## [What you should do]
Each line below is to be copied exactly; images do not go into the copy.

## [Information shown]
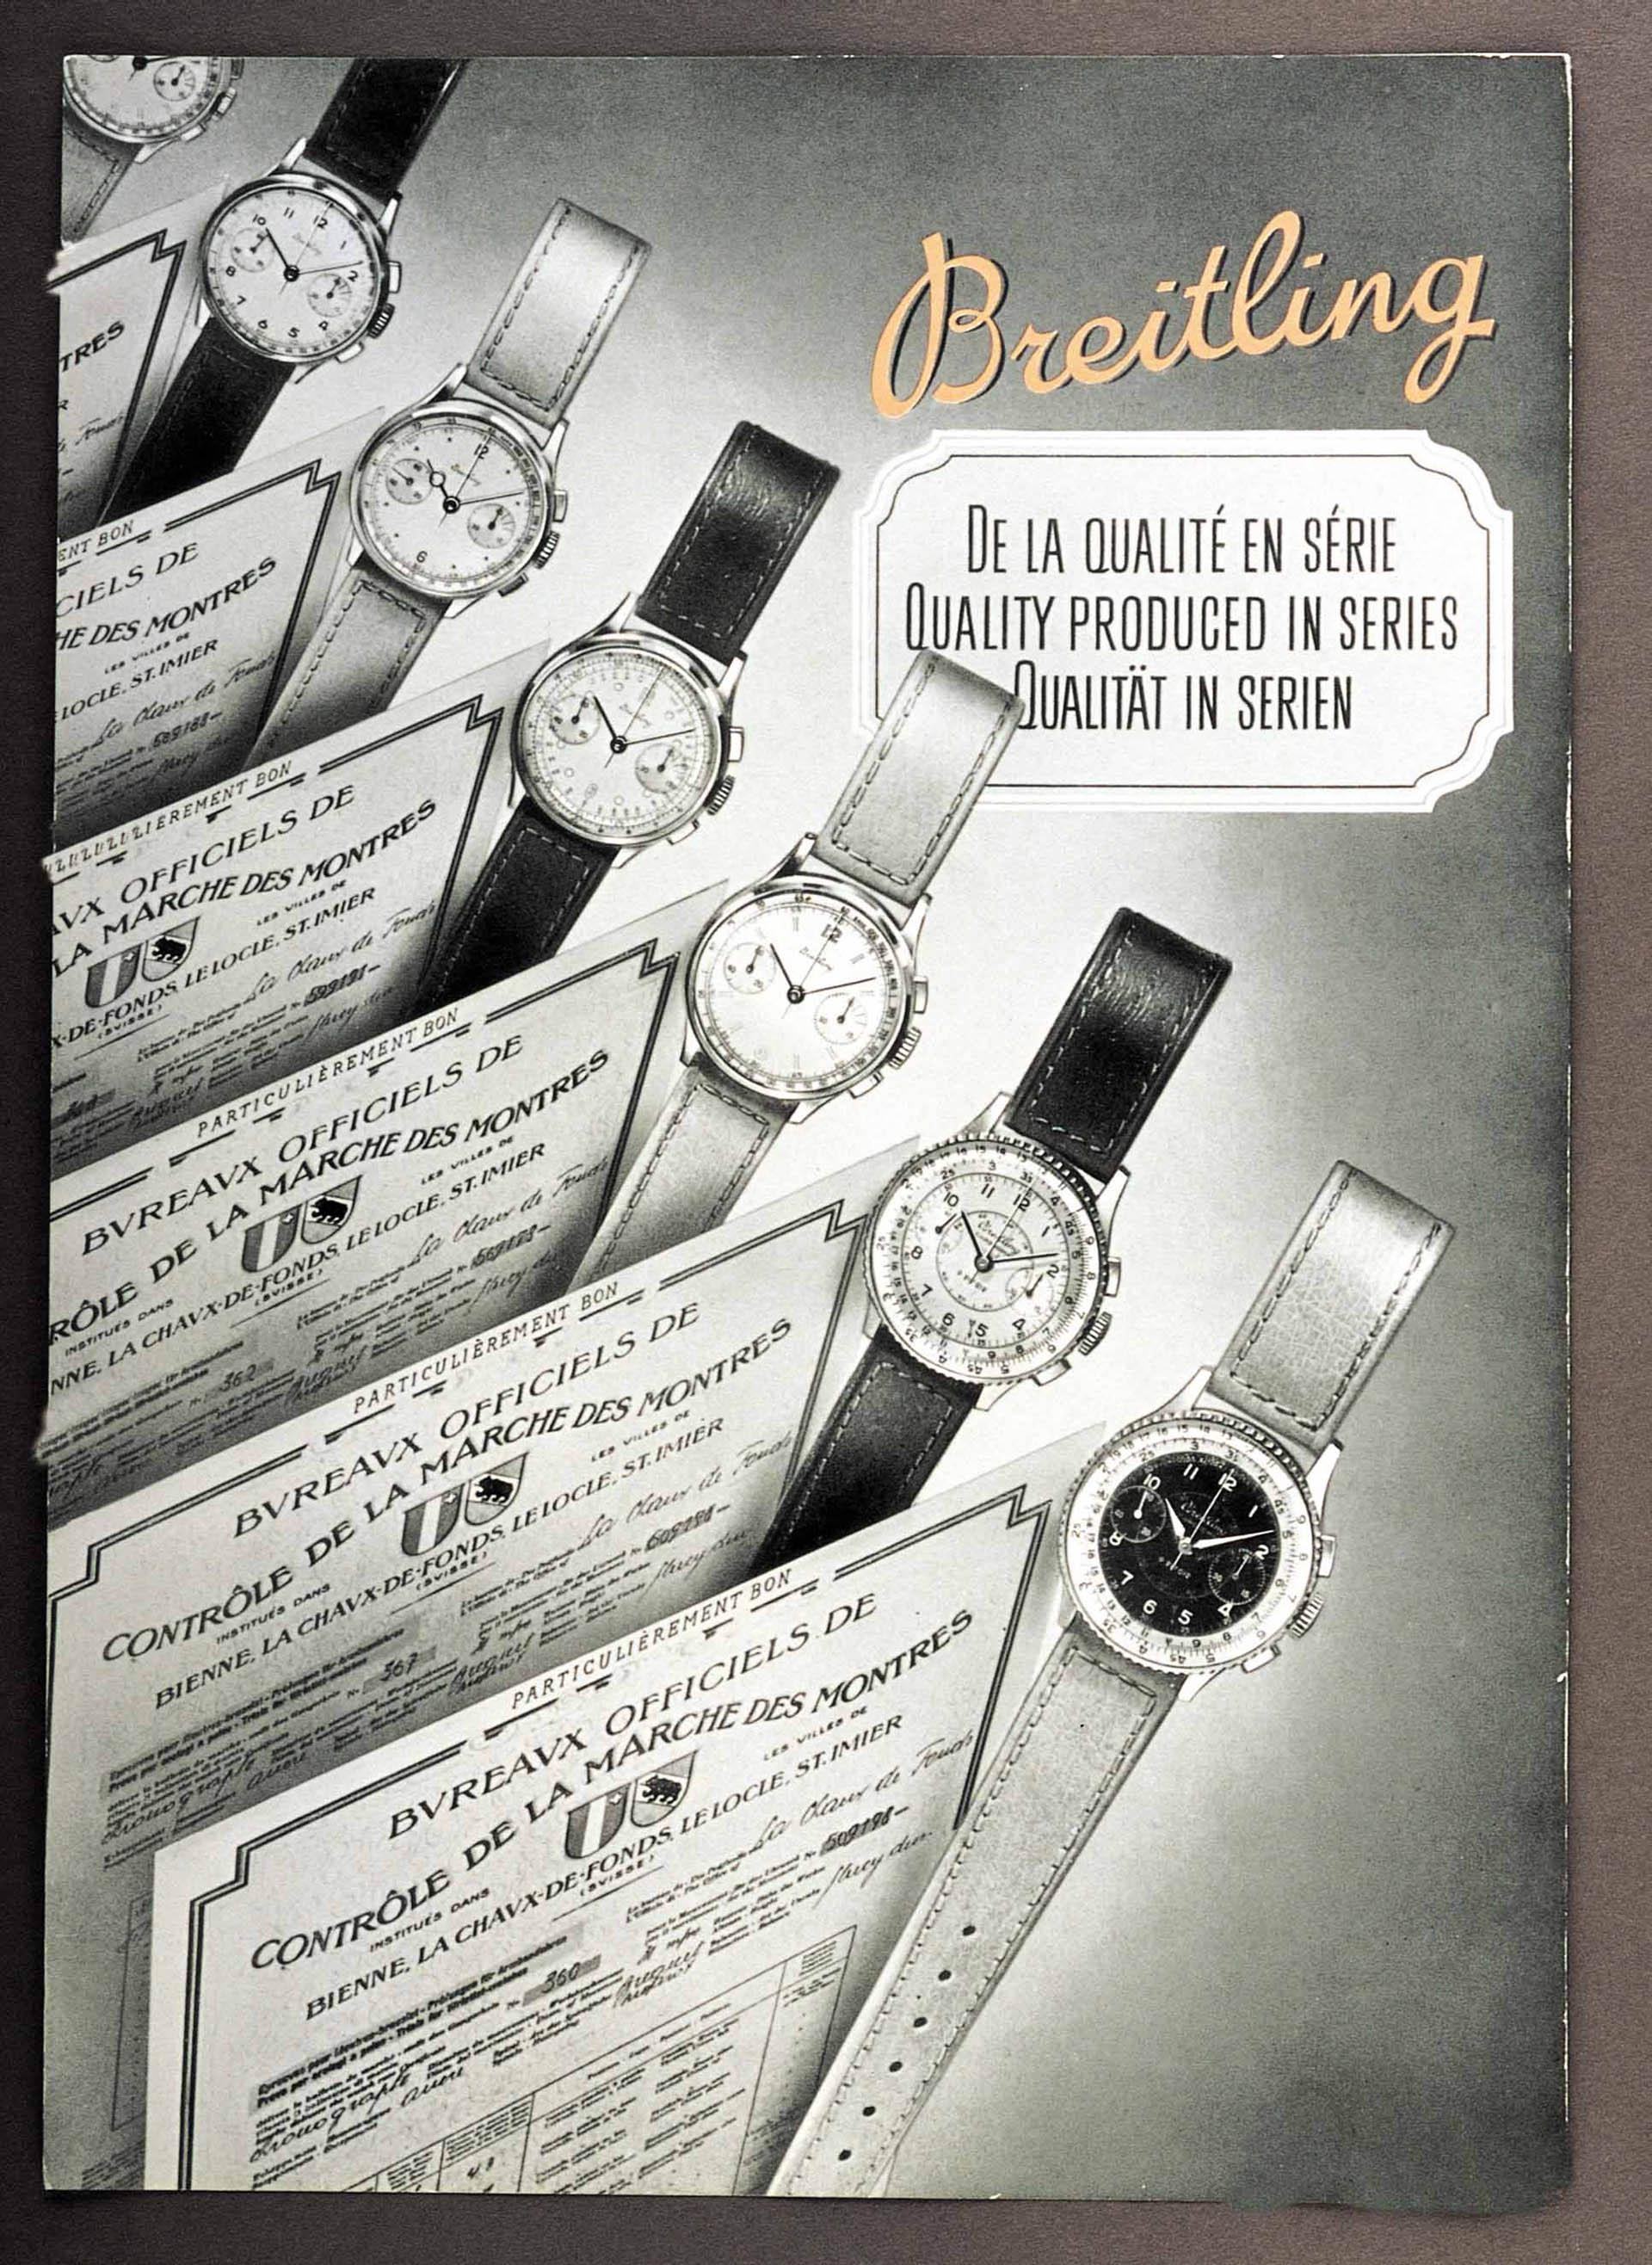 Breitling-Werbung von 1946: Qualität in Serie
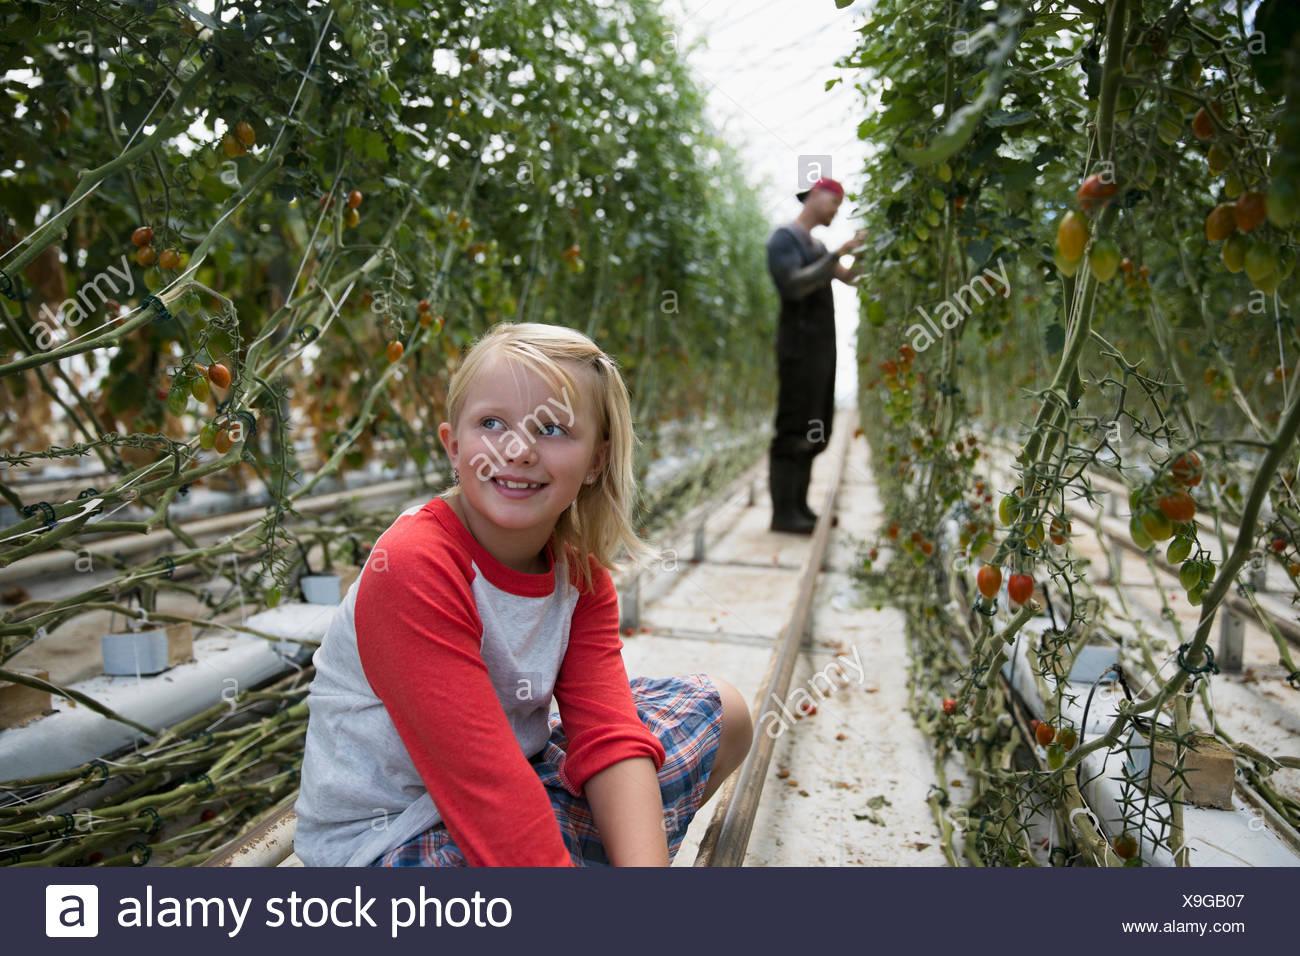 Sorridente ragazza seduta in serra tra crescente di piante di pomodoro Immagini Stock
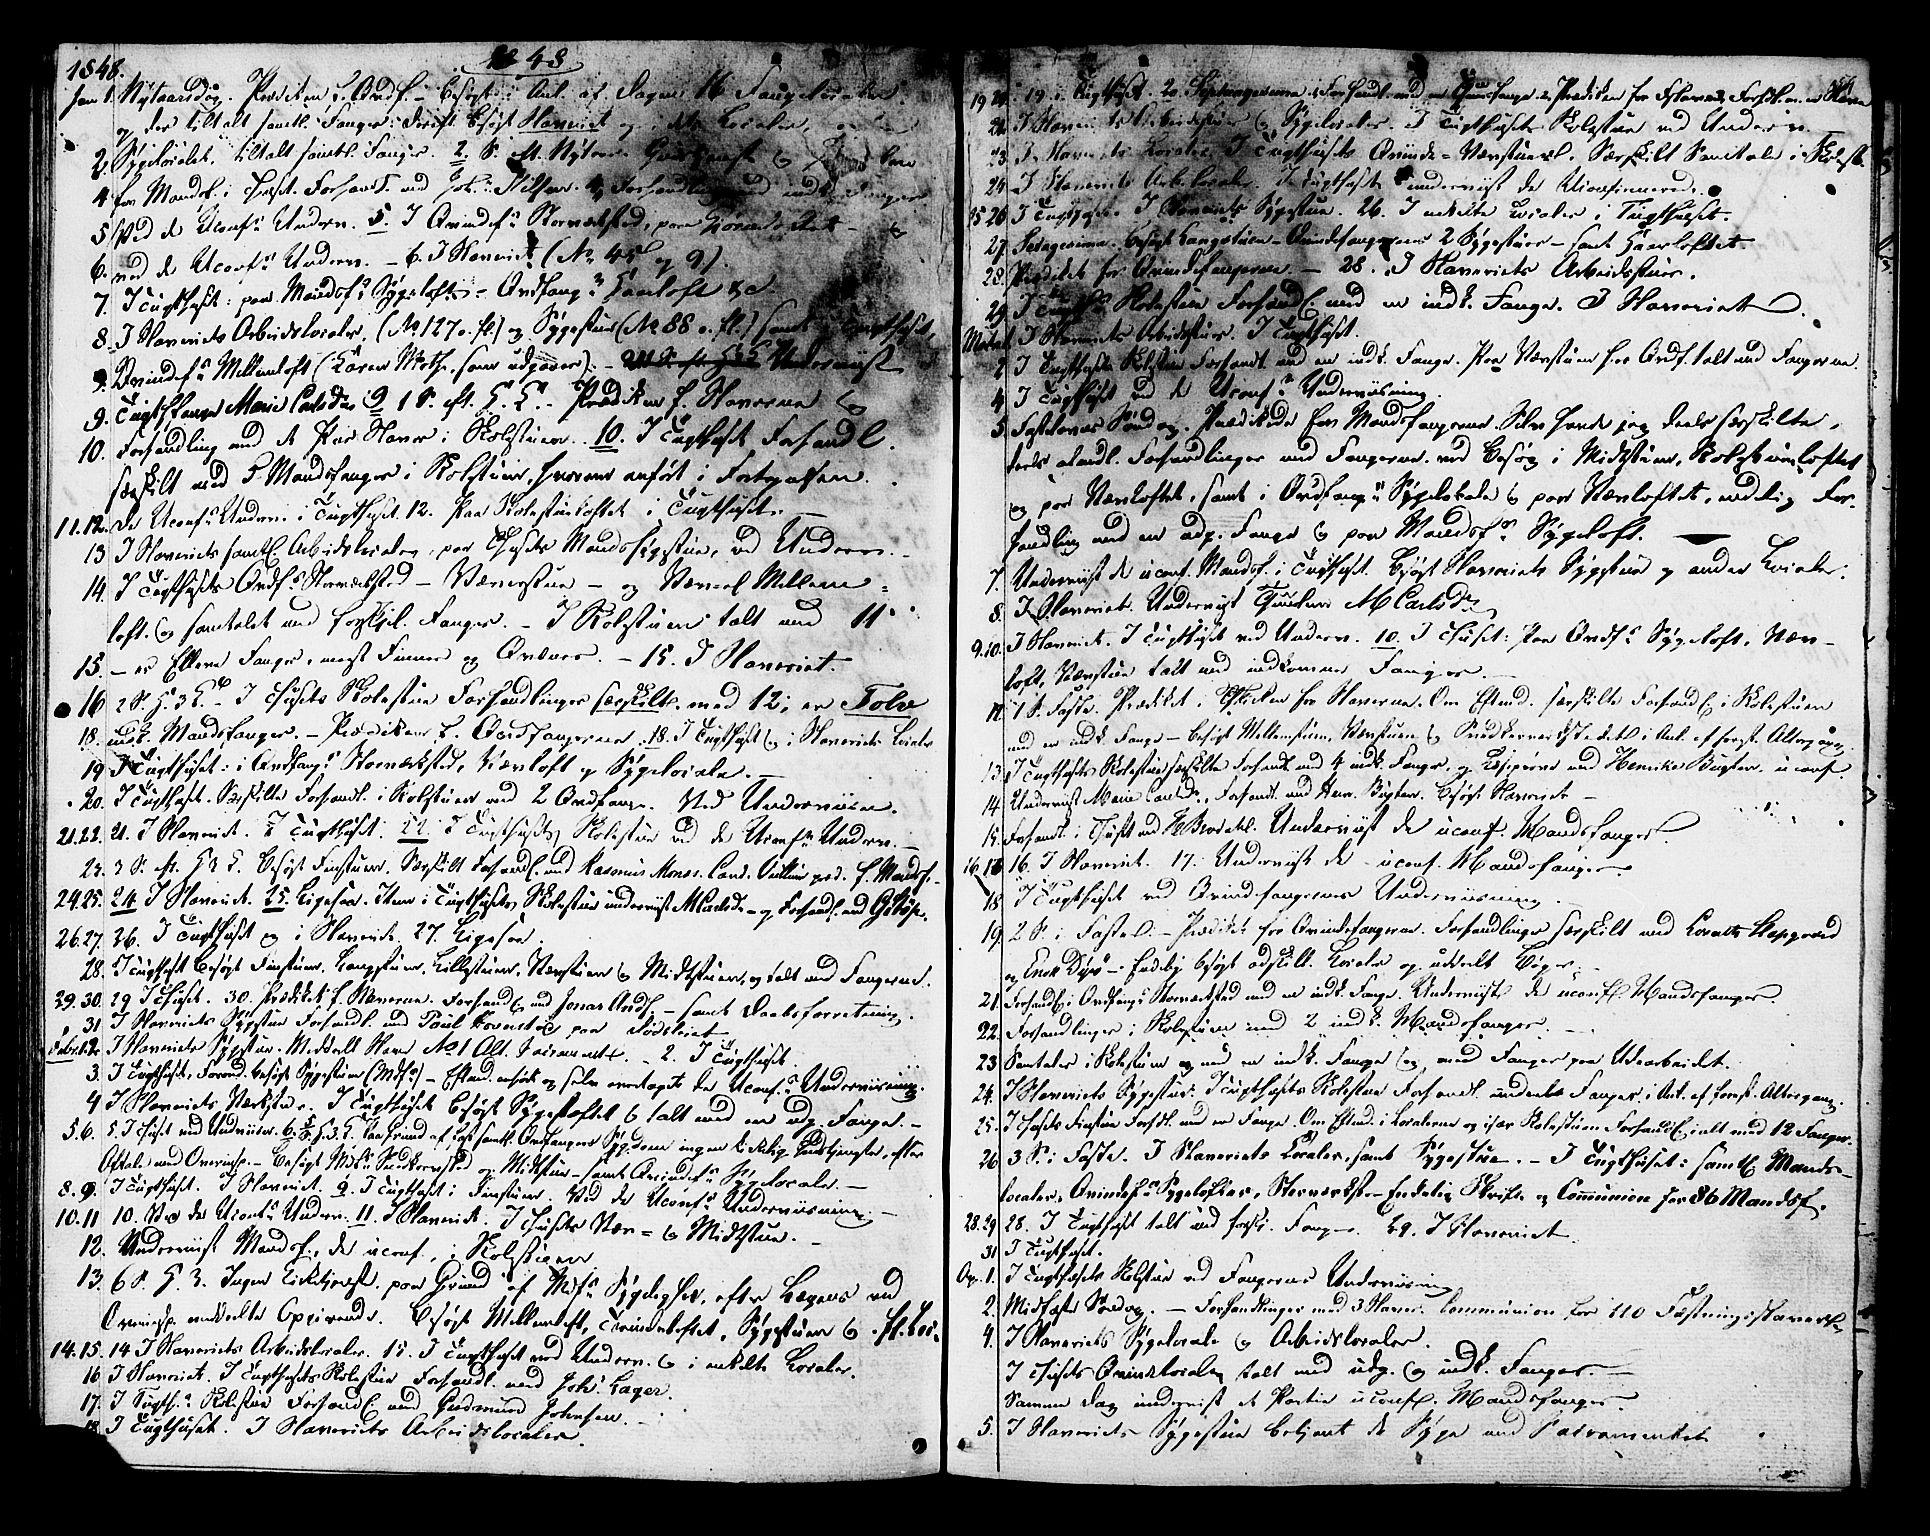 SAT, Ministerialprotokoller, klokkerbøker og fødselsregistre - Sør-Trøndelag, 624/L0480: Ministerialbok nr. 624A01, 1841-1864, s. 59

## [Response]
 Breitling-Werbung von 1946: Qualität in Serie
 Sorridente ragazza seduta in serra tra crescente di piante di pomodoro Immagini Stock
 SAT, Ministerialprotokoller, klokkerbøker og fødselsregistre - Sør-Trøndelag, 624/L0480: Ministerialbok nr. 624A01, 1841-1864, s. 59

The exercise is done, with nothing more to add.